Simultaneously Optimized Support Vector Regression Combined with Genetic Algorithm for QSAR Analysis of KDR/VEGFR‐2 Inhibitors
Min Sun,Junqing Chen,Jin Cai,Meng Cao,Shuangqing Yin,Min Ji
DOI: https://doi.org/10.1111/j.1747-0285.2010.00958.x
2010-01-01
Chemical Biology & Drug Design
Abstract:Considering the fact that majority of support vector regression models have not been fully optimized in the realm of quantitative structure-activity relationship, an idea of simultaneous optimization has been proposed and evaluated on a set of novel kinase insert domain receptor/vascular endothelial growth factor receptor-2 inhibitors including naphthalene and indazole-based compounds in this study. After the powerful feature searching process using genetic algorithm, the final support vector regression model was constructed on an optimal set of six descriptors, based on which simultaneous optimization was carried out. Specifically, the global optimum is grid searched in the joint parametric space defined by cost (C), gamma and epsilon, where performance of support vector regression using each combination of (C, gamma, epsilon) is evaluated and recorded, resulting in bulky information.
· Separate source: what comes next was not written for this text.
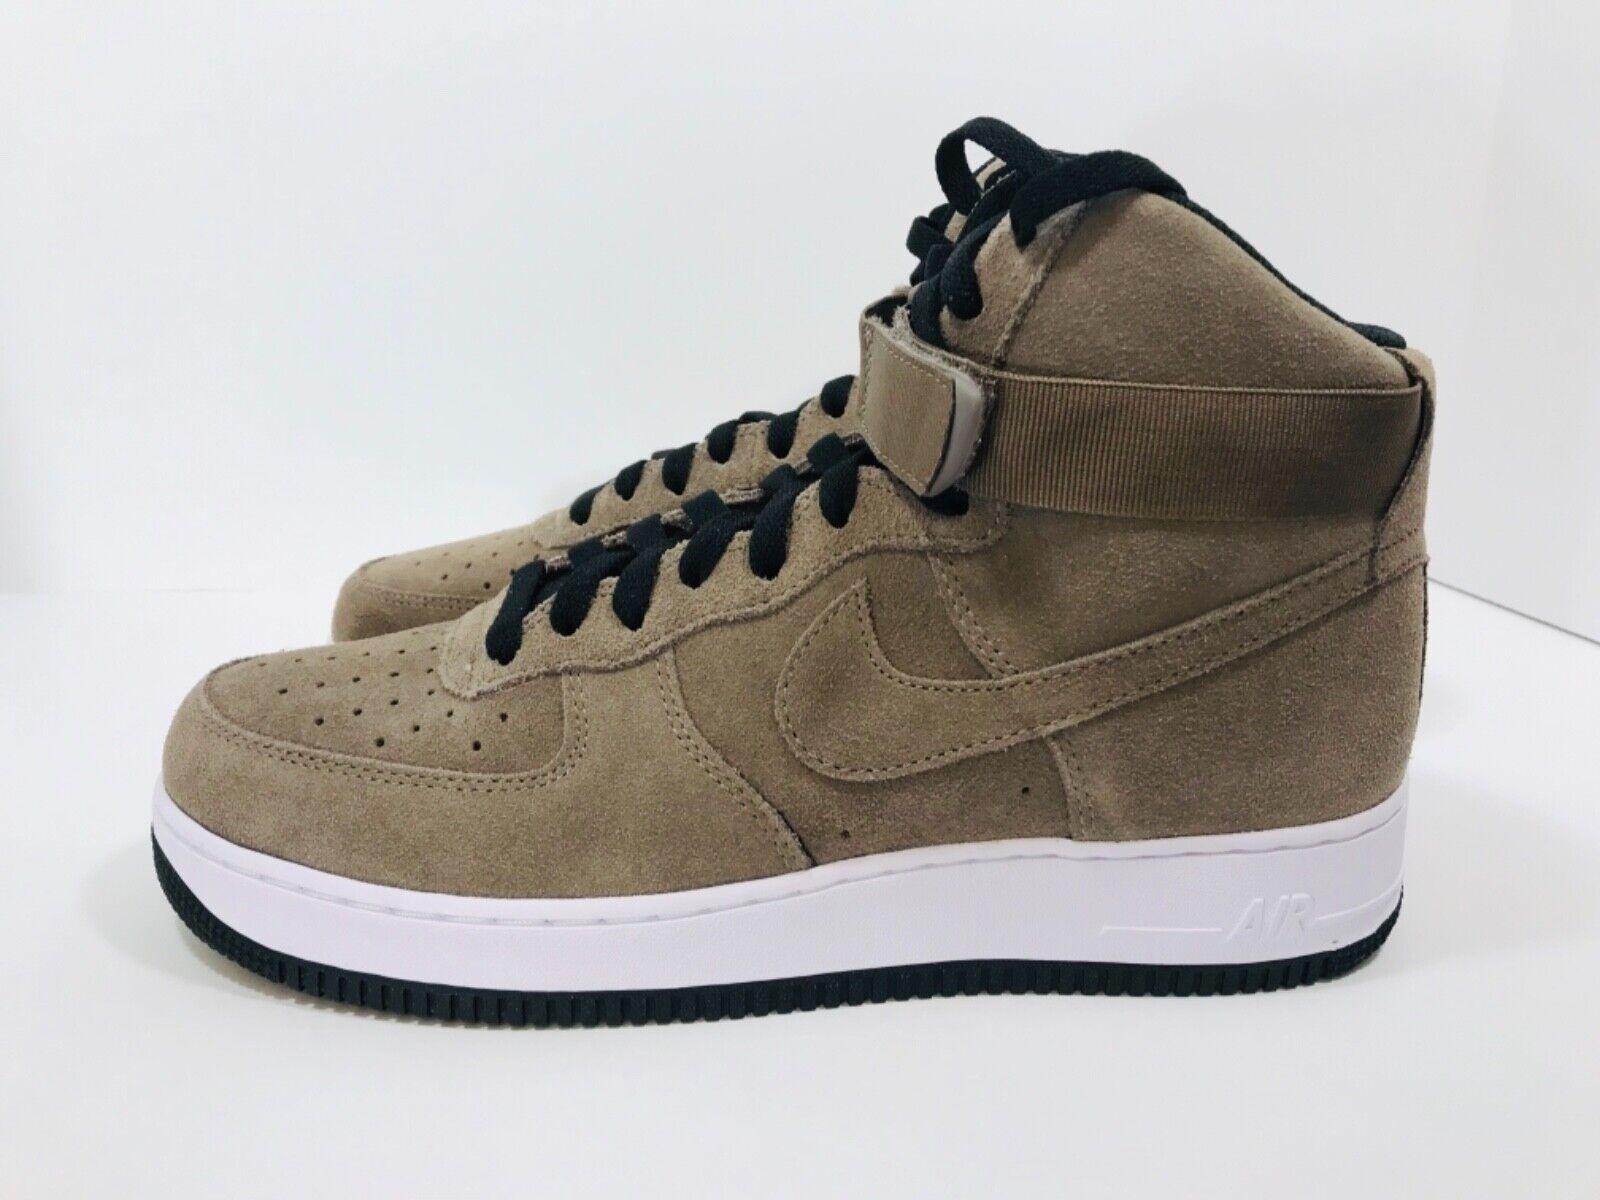 brand new e1ef5 4dbdd New Nike Air Force 1 High  07  07  07 Men s Size 10 Mushroom

Based on the data decomposition strategies provided in the main paper, the best performance was achieved for C = 1.2, gamma = 0.15 and epsilon = 0.065. As a comparison, a linear model based on genetic algorithm-multiple linear regression has also been developed and compared. Performances of these models are rigorously validated using both leave-one-out cross-validation and also external validation. The significant higher R-2 (0.908, 0.837) and lower root-mean-square error (0.237, 0.311) for 45 training and 16 test samples compared to that of genetic algorithm-multiple linear regression (0.764, 0.700 and 0.402, 0.421) confirm the superior performance of genetic algorithm-support vector regression. Robustness and predictive ability of this model is further prudently evaluated. The resulting models introduced not only the idea of simultaneous optimization in support vector regression, but also an efficient strategy for estimating the vascular endothelial growth factor receptor-2 inhibitory activity of novel naphthalene and indazole-based compounds. Moreover, some insights into the structural features related to the biological activity of these compounds have also been provided, which might be of great help for further designing novel vascular endothelial growth factor receptor-2/kinase insert domain receptor inhibitors with potent activity.